Python code performance decreases with threading
Solution 1
This is sadly how things are in CPython, mainly due to the Global Interpreter Lock (GIL). Python code that's CPU-bound simply doesn't scale across threads (I/O-bound code, on the other hand, might scale to some extent).
There is a highly informative presentation by David Beazley where he discusses some of the issues surrounding the GIL. The video can be found here (thanks @Ikke!)

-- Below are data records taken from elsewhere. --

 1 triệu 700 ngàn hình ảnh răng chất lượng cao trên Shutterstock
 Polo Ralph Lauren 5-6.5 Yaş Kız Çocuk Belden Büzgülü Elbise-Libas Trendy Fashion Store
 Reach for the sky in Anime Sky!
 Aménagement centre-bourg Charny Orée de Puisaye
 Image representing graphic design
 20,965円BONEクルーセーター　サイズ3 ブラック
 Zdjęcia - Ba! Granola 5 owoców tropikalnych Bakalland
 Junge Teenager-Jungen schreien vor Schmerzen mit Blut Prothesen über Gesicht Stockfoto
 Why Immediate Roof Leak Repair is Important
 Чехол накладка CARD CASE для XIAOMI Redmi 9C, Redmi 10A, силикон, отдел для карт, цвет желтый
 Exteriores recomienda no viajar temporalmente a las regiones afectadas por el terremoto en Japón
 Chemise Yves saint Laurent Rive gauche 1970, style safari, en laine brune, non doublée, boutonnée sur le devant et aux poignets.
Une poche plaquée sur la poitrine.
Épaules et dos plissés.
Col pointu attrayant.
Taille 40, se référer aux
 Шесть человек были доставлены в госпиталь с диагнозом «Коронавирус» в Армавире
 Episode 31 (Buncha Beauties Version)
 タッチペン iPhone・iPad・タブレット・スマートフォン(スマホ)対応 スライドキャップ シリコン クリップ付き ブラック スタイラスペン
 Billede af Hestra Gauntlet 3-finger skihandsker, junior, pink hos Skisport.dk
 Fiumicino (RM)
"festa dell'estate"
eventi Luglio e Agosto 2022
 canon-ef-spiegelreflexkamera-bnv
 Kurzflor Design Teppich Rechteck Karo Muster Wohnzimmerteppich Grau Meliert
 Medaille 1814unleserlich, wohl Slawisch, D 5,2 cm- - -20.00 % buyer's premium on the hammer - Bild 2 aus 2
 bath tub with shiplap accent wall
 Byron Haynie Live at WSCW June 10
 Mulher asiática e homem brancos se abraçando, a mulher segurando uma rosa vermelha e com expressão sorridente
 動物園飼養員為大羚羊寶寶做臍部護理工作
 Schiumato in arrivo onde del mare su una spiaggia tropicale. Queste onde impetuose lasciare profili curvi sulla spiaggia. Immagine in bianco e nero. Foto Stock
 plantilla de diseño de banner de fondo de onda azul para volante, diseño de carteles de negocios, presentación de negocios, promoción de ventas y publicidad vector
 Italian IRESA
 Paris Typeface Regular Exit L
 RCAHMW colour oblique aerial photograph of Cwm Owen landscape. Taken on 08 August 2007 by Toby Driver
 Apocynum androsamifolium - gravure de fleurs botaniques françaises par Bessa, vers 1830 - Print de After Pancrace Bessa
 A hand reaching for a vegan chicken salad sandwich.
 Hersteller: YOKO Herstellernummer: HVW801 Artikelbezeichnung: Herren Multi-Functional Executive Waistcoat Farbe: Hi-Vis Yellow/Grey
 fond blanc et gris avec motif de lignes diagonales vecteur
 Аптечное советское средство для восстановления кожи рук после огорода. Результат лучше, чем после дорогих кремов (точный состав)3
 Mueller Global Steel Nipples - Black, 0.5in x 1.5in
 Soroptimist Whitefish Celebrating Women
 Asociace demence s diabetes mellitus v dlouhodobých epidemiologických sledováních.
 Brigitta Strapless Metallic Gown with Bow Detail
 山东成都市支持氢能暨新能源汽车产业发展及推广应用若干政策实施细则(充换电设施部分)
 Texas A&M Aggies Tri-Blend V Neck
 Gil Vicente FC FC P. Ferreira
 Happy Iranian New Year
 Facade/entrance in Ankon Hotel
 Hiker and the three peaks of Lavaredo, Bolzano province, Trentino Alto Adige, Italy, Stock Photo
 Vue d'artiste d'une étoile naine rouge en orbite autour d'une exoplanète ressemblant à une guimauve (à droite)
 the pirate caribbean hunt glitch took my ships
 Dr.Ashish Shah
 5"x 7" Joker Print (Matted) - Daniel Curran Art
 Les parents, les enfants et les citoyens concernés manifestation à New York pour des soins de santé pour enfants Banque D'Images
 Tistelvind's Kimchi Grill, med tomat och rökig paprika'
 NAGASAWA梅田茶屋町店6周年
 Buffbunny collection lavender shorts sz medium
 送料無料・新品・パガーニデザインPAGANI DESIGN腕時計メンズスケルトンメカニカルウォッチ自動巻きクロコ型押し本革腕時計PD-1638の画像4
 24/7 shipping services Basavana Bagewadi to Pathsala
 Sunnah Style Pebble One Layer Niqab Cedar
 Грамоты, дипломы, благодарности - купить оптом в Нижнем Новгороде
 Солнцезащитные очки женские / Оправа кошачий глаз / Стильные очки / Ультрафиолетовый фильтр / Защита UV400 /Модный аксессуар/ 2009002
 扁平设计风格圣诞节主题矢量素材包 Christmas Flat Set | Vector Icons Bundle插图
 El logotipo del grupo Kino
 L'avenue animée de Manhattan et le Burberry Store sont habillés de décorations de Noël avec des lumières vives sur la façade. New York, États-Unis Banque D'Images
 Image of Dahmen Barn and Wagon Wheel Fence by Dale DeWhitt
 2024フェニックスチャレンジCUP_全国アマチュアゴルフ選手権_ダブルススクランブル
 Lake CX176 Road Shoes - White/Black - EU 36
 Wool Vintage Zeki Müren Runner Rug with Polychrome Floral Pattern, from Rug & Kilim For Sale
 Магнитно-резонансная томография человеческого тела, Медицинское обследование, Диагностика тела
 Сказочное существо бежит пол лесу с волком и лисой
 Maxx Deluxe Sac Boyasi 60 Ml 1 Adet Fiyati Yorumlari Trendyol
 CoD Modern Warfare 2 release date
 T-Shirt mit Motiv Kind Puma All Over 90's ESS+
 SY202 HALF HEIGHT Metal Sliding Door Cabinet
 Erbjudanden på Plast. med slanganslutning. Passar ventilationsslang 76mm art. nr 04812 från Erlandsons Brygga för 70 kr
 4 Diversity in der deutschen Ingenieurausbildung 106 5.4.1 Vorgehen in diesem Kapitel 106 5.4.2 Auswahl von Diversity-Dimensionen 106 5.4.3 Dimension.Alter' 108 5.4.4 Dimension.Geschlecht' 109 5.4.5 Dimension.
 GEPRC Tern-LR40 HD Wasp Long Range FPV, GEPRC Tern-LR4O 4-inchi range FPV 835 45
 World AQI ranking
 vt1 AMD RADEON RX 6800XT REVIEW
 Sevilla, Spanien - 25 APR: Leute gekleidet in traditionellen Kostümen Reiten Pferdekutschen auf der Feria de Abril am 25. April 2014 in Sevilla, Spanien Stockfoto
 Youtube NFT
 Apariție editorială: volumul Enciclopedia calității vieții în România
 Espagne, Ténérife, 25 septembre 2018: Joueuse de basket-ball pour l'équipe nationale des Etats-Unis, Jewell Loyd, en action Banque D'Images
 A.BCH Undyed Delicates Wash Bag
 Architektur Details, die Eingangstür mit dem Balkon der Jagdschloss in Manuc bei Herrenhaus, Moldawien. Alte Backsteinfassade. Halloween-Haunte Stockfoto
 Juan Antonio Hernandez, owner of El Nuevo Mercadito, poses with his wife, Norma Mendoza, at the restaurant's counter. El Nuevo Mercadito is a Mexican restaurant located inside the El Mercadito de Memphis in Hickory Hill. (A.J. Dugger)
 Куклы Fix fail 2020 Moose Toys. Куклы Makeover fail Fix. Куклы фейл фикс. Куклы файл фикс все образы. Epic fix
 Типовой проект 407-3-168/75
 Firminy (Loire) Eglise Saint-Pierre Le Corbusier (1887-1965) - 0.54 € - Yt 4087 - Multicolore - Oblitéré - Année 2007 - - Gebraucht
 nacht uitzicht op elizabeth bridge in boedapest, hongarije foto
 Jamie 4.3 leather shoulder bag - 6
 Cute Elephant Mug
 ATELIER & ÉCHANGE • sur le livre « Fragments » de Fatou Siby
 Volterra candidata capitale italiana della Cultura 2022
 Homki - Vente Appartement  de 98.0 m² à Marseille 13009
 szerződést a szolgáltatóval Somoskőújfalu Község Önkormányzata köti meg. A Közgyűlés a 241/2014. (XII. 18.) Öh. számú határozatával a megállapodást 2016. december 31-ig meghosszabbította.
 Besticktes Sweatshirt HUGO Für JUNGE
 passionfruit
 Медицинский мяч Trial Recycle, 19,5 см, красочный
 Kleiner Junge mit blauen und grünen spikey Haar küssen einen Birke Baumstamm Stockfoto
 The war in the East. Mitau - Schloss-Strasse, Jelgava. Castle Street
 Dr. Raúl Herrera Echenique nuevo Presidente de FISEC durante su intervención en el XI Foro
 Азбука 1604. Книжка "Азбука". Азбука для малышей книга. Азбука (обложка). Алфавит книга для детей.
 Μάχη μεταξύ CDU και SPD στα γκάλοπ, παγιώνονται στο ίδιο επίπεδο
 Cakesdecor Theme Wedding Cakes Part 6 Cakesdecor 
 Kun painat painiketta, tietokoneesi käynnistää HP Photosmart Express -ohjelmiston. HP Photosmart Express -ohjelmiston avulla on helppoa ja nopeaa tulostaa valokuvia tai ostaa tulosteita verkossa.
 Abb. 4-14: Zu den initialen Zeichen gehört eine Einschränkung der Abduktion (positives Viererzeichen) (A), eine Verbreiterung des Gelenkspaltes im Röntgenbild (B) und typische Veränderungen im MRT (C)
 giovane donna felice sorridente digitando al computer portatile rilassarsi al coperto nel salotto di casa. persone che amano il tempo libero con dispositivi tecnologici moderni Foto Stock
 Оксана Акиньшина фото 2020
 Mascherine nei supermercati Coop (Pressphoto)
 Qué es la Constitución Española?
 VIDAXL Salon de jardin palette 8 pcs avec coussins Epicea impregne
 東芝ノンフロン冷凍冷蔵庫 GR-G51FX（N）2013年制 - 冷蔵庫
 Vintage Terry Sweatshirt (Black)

My recommendation would be to use the multiprocessing
module instead of multiple threads.
Solution 2
The threading library does not actually utilize multiple cores simultaneously for computation. You should use the multiprocessing library instead for computational threading.
dpitch40
Updated on July 26, 2020Comments
-
dpitch40 almost 4 years
I've written a working program in Python that basically parses a batch of binary files, extracting data into a data structure. Each file takes around a second to parse, which translates to hours for thousands of files. I've successfully implemented a threaded version of the batch parsing method with an adjustable number of threads. I tested the method on 100 files with a varying number of threads, timing each run. Here are the results (0 threads refers to my original, pre-threading code, 1 threads to the new version run with a single thread spawned).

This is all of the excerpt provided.